Python 中字符串的持久散列
声明:本页面是StackOverFlow热门问题的中英对照翻译,遵循CC BY-SA 4.0协议,如果您需要使用它,必须同样遵循CC BY-SA许可,注明原文地址和作者信息,同时你必须将它归于原作者(不是我):StackOverFlow
原文地址: http://stackoverflow.com/questions/2511058/
Warning: these are provided under cc-by-sa 4.0 license. You are free to use/share it, But you must attribute it to the original authors (not me):
StackOverFlow
Persistent Hashing of Strings in Python
提问by Cerin
How would you convert an arbitrary string into a unique integer, which would be the same across Python sessions and platforms? For example hash('my string')
wouldn't work because a different value is returned for each Python session and platform.
您如何将任意字符串转换为唯一的整数,这在 Python 会话和平台上都是相同的?例如hash('my string')
不会工作,因为为每个 Python 会话和平台返回不同的值。
采纳答案by Jason Sundram
If a hash function really won't work for you, you can turn the string into a number.
如果散列函数真的不适合您,您可以将字符串转换为数字。
my_string = 'my string'
def string_to_int(s):
ord3 = lambda x : '%.3d' % ord(x)
return int(''.join(map(ord3, s)))
In[10]: string_to_int(my_string)
Out[11]: 109121032115116114105110103L
This is invertible, by mapping each triplet through chr
.
这是可逆的,通过将每个三元组映射到chr
。
def int_to_string(n)
s = str(n)
return ''.join([chr(int(s[i:i+3])) for i in range(0, len(s), 3)])

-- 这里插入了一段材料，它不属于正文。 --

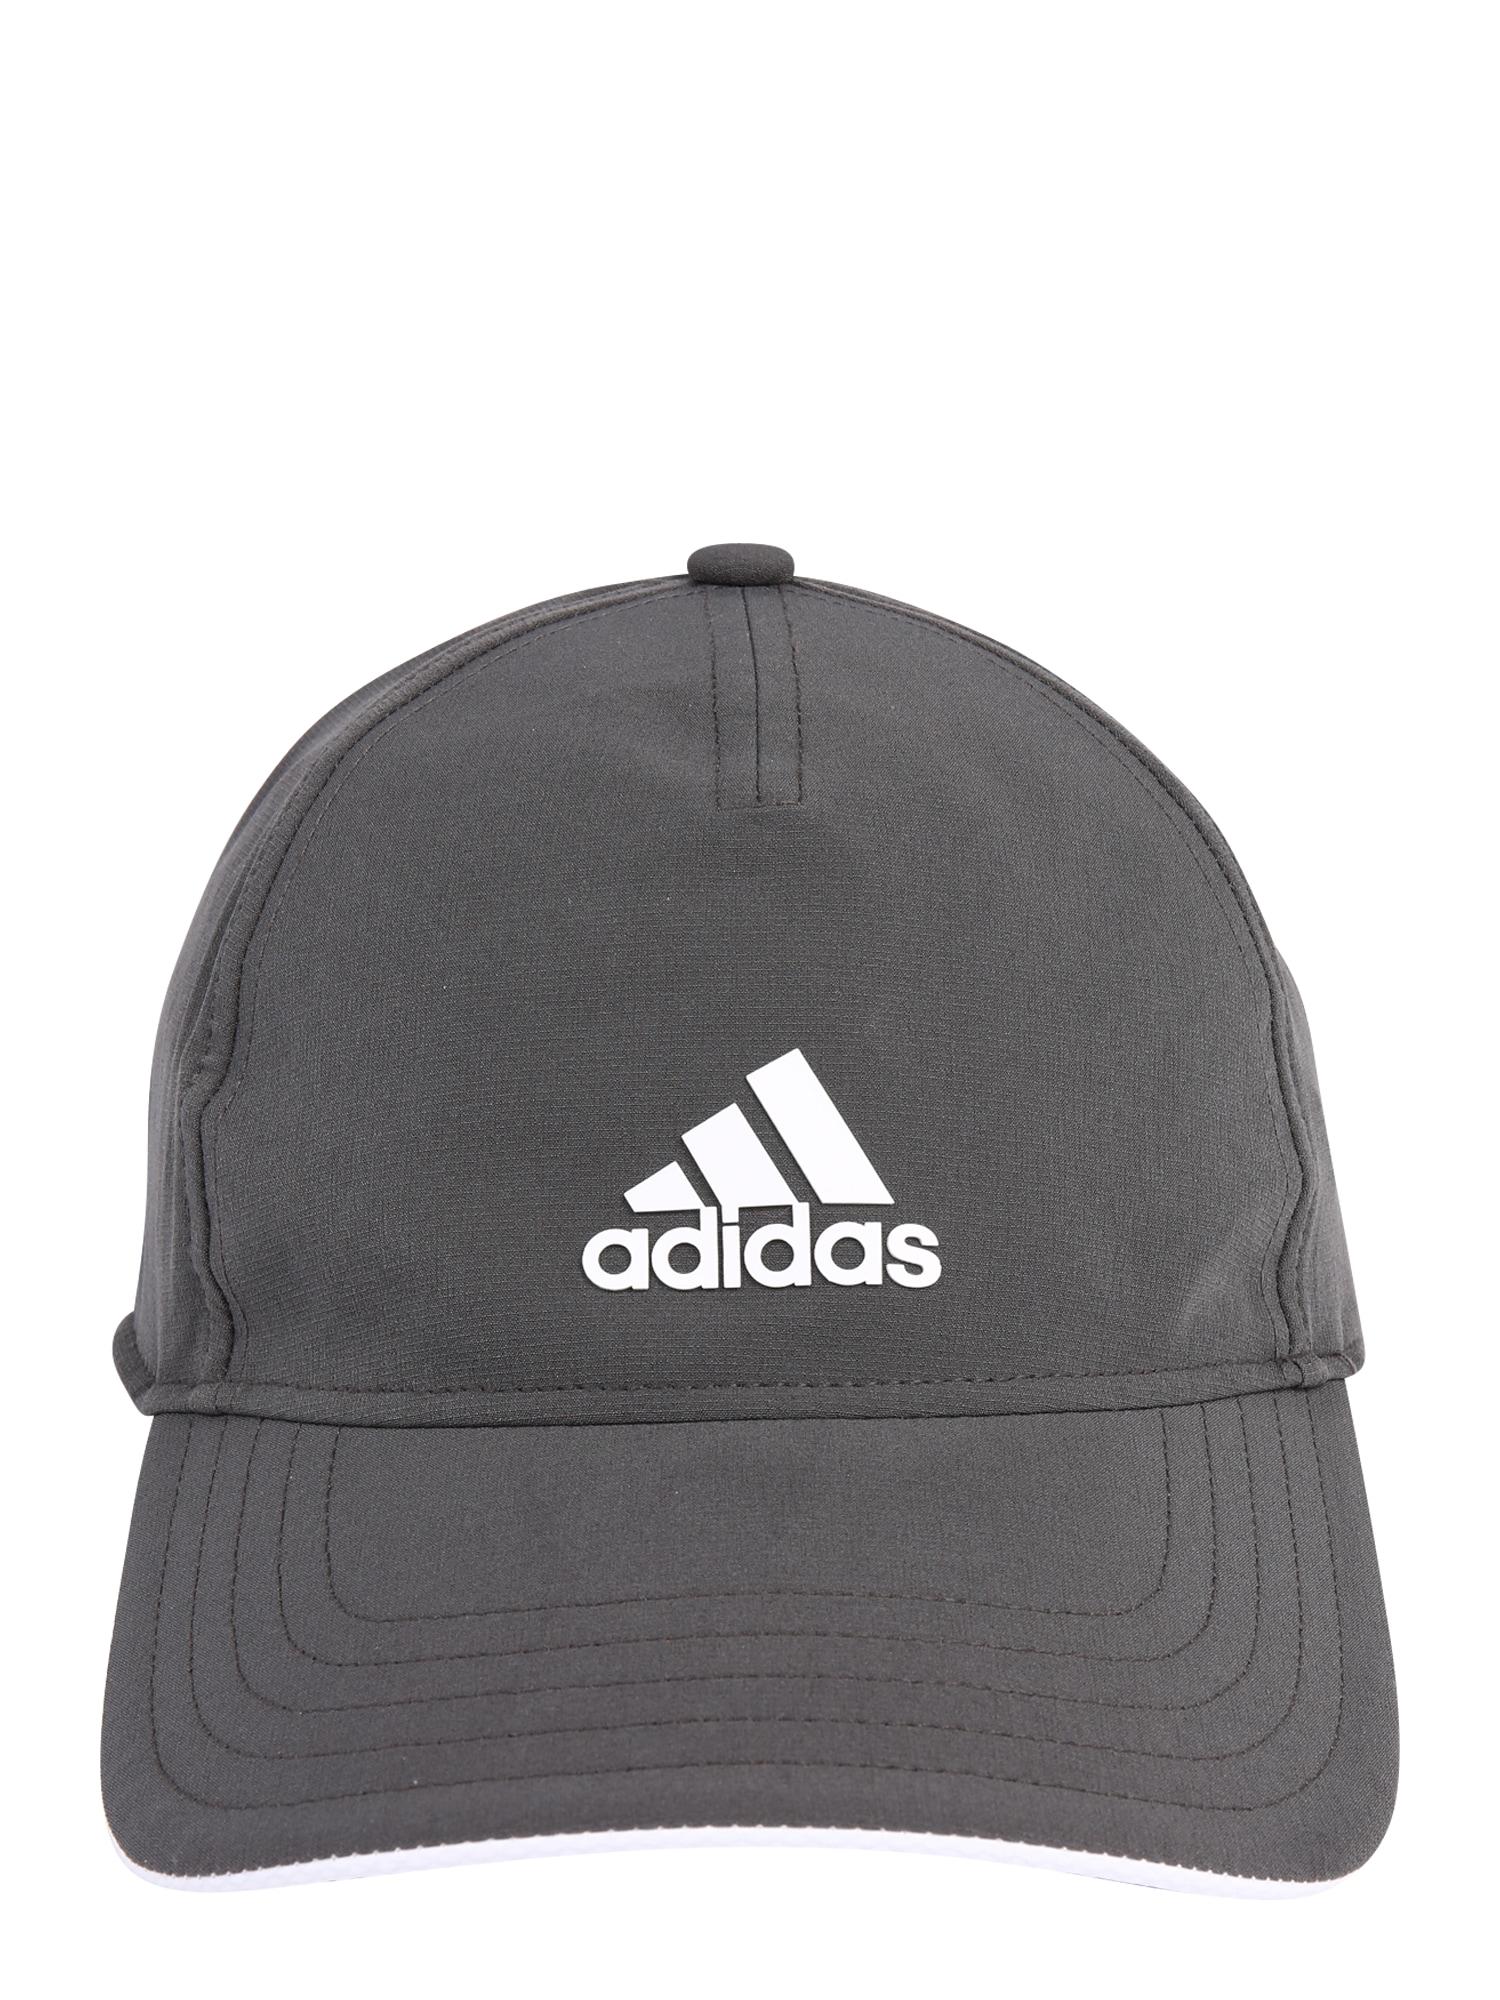 ADIDAS PERFORMANCE Sportinė kepurė tamsiai pilka / balta

In[12]: int_to_string(109121032115116114105110103L)
Out[13]: 'my string'
回答by Ignacio Vazquez-Abrams
Use a hash algorithm such as MD5 or SHA1, then convert the hexdigest
via int()
:
使用哈希算法,例如 MD5 或 SHA1,然后转换hexdigest
via int()
:
>>> import hashlib
>>> int(hashlib.md5('Hello, world!').hexdigest(), 16)
144653930895353261282233826065192032313L
回答by jichi
Here are my python27 implementation for algorithms listed here: http://www.cse.yorku.ca/~oz/hash.html. No idea if they are efficient or not.
这是我的 python27 算法实现:http: //www.cse.yorku.ca/~oz/hash.html。不知道它们是否有效。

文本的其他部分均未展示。